Oui, The Soft Moon fait accélérer les mouvements avec ses secousses épileptiques comme l’ivresse de ses cris tirés d’un vécu soudainement illustré par la rudesse de battement fous. Il est difficile pour Luis Vasquez de camoufler sa rage et sa douleur face aux confidences nouvelles qui, bien qu’intimes, ne peuvent demeurées muettes. L’alternance de gris, de noir ou de blanc aveuglant n’est posée que pour transcender l’introspection où le frisson se meut comme le fruit des angoisses. La surenchère s’explique ainsi, dans les courbes aussi bien lacrymales que les éclaboussures sanguinolentes échappées d’un acharnement avec lequel le pic à glace vient transpercer la chaire.

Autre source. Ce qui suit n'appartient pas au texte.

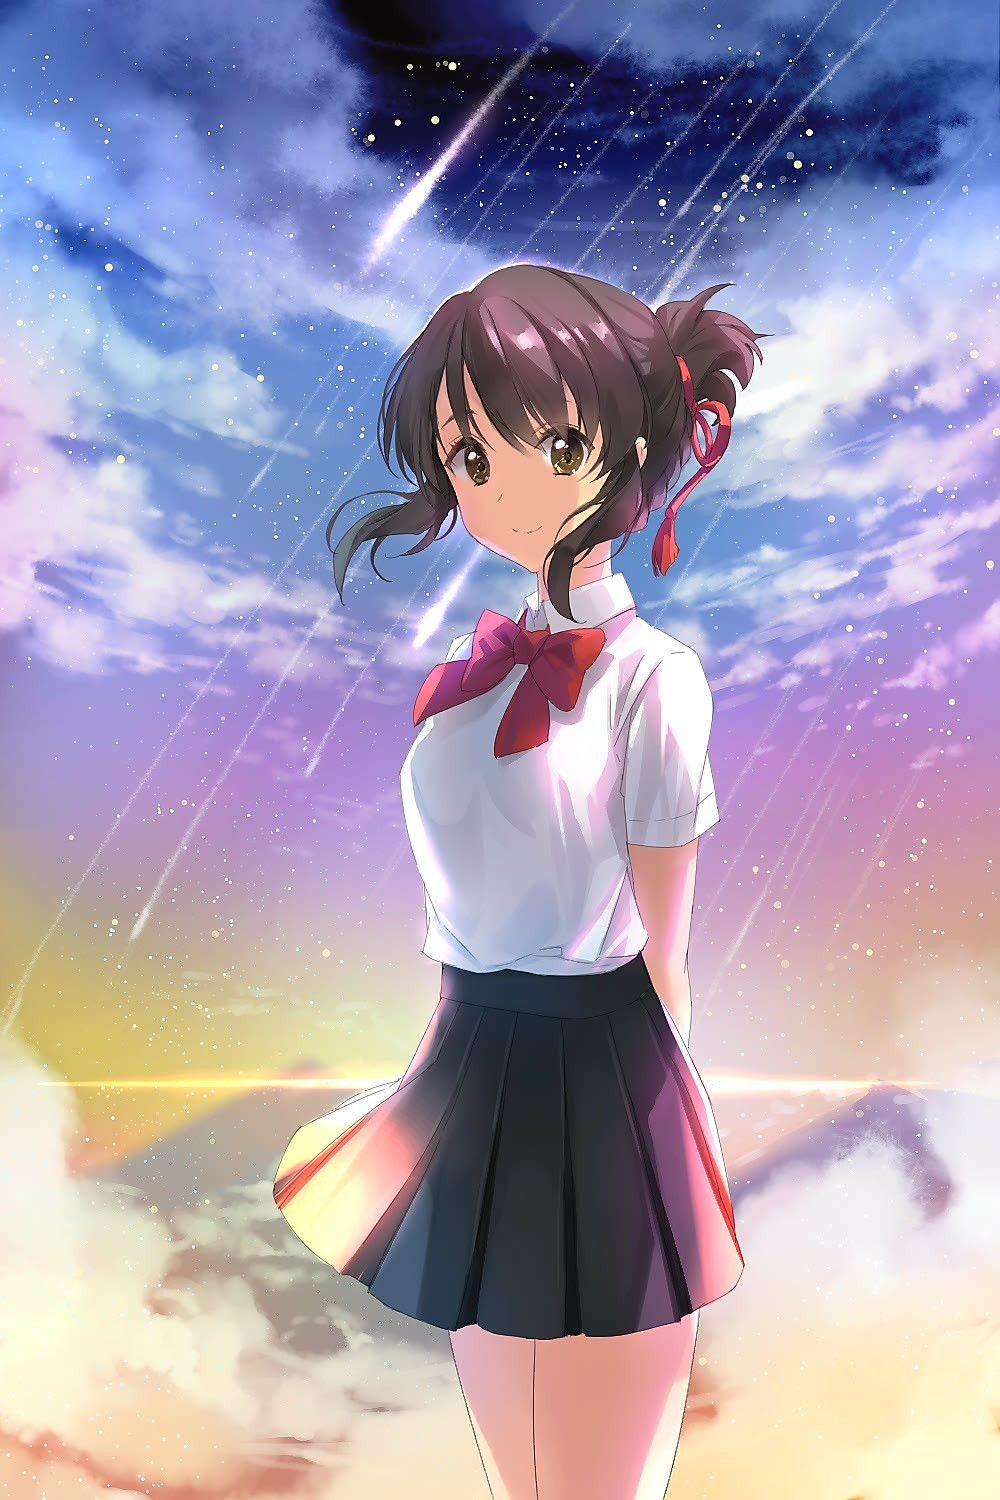 Download wallpaper 1280x1280 schoolgirl uniform clouds twilight anime  ipad ipad 2 ipad mini for parallax hd background

De ce cheminement influé par le désir de jusqu’au-boutisme déchaîné, il n’est pas impossible d’entrevoir la mutualisation d’un parcours semé de maitrise pour combiner les ambivalences. Exister rentre dans ce schéma où rien ne semble évident et définitif, quitte à forcer le trait, quitte à friser la caricature. Qu’importe, le ressenti final est jaugé avec cohérence. Il provoque les stimuli les plus enthousiastes à la lecture d’une telle emprise tenace. L’énergie de NADA transparait ainsi au titre d’une symphonie grinçante et grisante à la fois, arrachant sur son passage les riffs tourmentés, boucles obsédantes et autres « joyeusetés » livrées sans retenue. A l’inverse, Him s’entend comme une nouvelle tentation, celle d’un flirt avec le glam’ explosé dans une allure des plus démoniaques… Signe annonciateur du malaise absolument possédé durant les instants d’Unforgiven.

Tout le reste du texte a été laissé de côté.